Playing fast and loose with the facts – HB Lyle on true crime in fiction

True Crime The Irregular 9781473655348

H. B. Lyle, author of The Irregular, introduces The Tottenham Outrage and the true crimes that inspired his novel.

Posted on May 15, 2017 in Under investigation
Tags: Author Content, Crime, Crime books, Scene of the Crime, crime fiction, true crime

Writing crime fiction often starts with the truth. Or rather, ‘true crime’ acts as the kernel of inspiration for so many works of fiction, that it would take far too long to list them here. But there is always a question mark for the novelist when dealing with ‘real’ events – whether they are a crime writer, or a historical novelist (or in my case, both). How far can you go? None of your readers are looking for an exact replication – they’d go to the non-fiction shelves for that – but likewise, is it ever permissible to totally distort the facts to suit your fiction?

The real life crime that acts as the inciting incident in my novel The Irregular, was known as the time as ‘The Tottenham Outrage’. Two Latvian ‘anarchists’ held up a factory payroll at gun point outside Tottenham police station on the morning of the 23rd of January 1909. They then proceeded to make their escape through Tottenham, armed with semi-automatic weapons.

What makes this case so unusual is that they were pursued, often at walking pace, by a great crowd of local people – whether to enjoy the ‘show’ or to catch them is unclear, but pursuit went on for miles. A hunting party out on Tottenham marshes took potshots at the gunmen, first a child and then a policeman were shot dead by the men.

The gunmen – later named as Lepidus and Hefeld – then first hijacked a milk cart (really, they did!) before taking charge of a tram. While the driver hid upstairs, the terrified guard was forced to drive the ever-more agitated gunmen on. Eventually, the episode came to a bloody end for the men in a shootout with the police.
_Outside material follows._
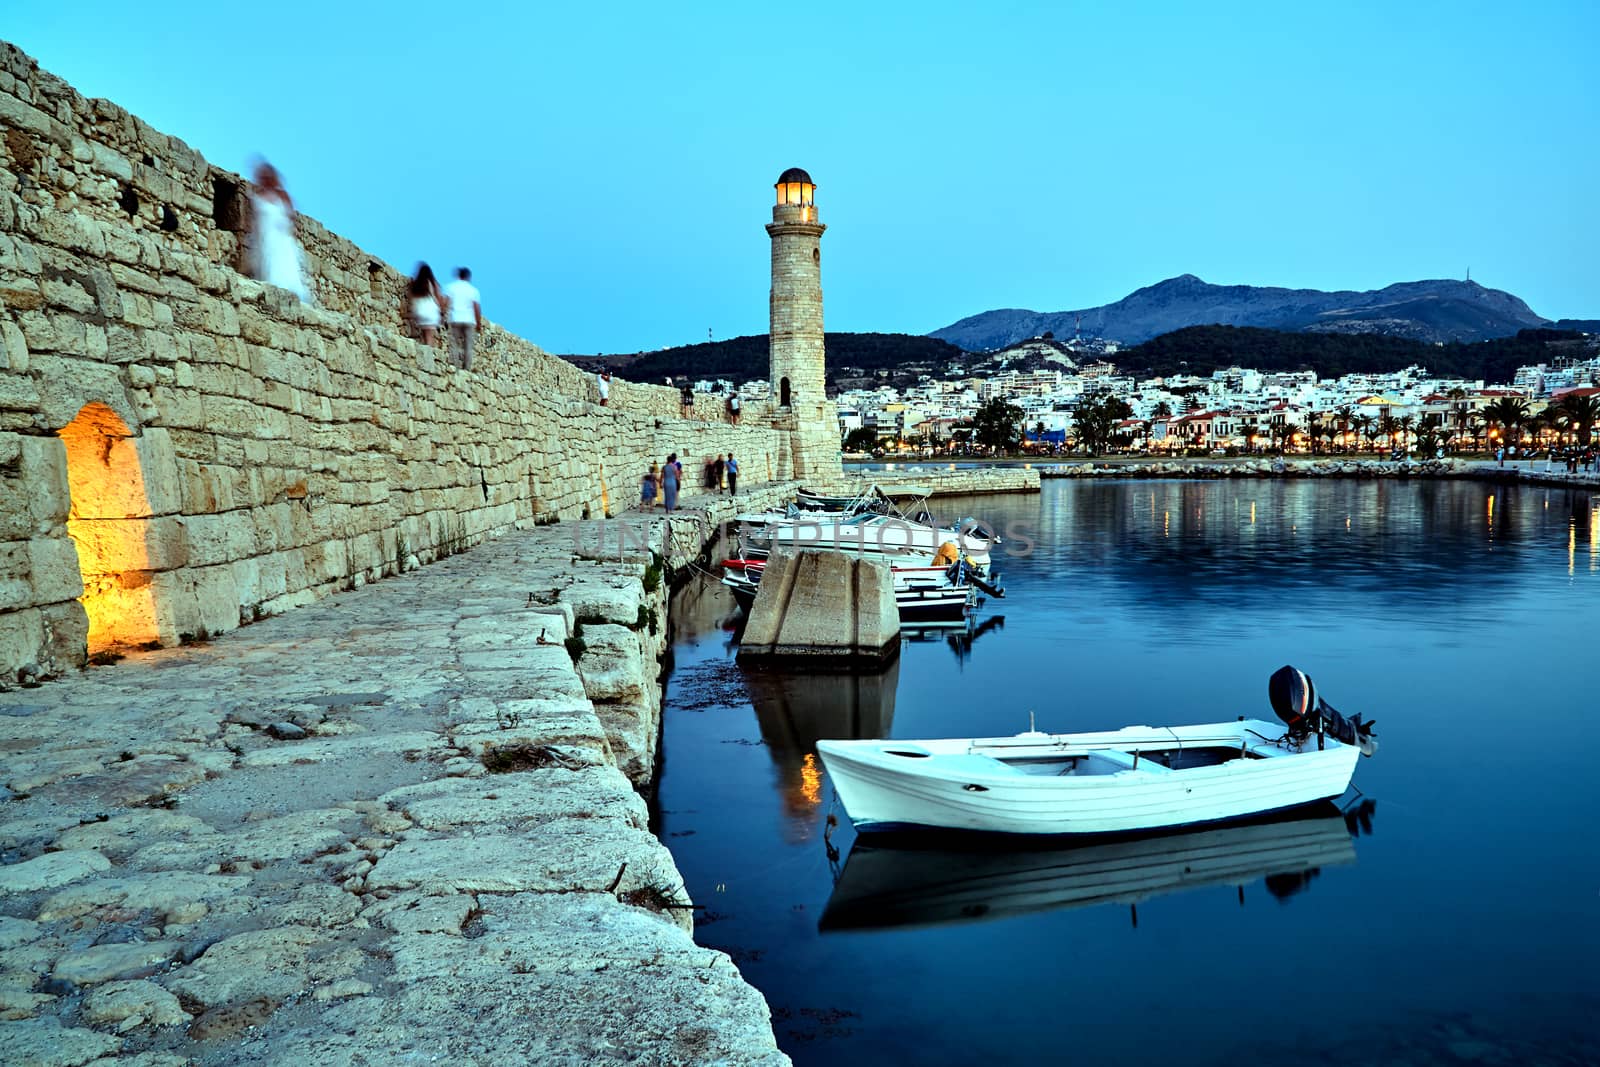 stone wall and historic lighthouse in the port of Rethymnon on the island of Crete

Now, of course I wanted to recreate this. Not only is it connected to a second even more famous incident two years later (The Siege of Sidney Street, which will feature in the second novel), in itself it seemed so bizarre, yet so modern and chaotic. The men were branded terrorists. Half a million people turned out for the policeman’s funeral.

However, once I decided it was going to be one of the inciting incidents for my story, I almost immediately realised that I couldn’t create it exactly as it happened. There were no loose ends for one thing, nothing to entangle the reader beyond the admittedly extraordinary details of the event itself.  How far could I go in reworking reality?

Luckily, I found a way to use the incident with a little bit of omission, and a small bit of creative license in the aftermath. But what I realised once I’d written it – and something that I can take into the next novels in the series – is that my hero, Wiggins, used to work for Sherlock Holmes. In other words, he’s so obviously fictional that it gives me a ‘pass’ as a writer. I don’t invent very much history, but no one could argue that they’ve been duped into believing the story of the book is real.

And yet, even with all this creative license, like many crime writers, I won’t stop poring over the newspapers. I may be in a position to invent my own crimes in print, but sometimes nothing is as bizarre as real life.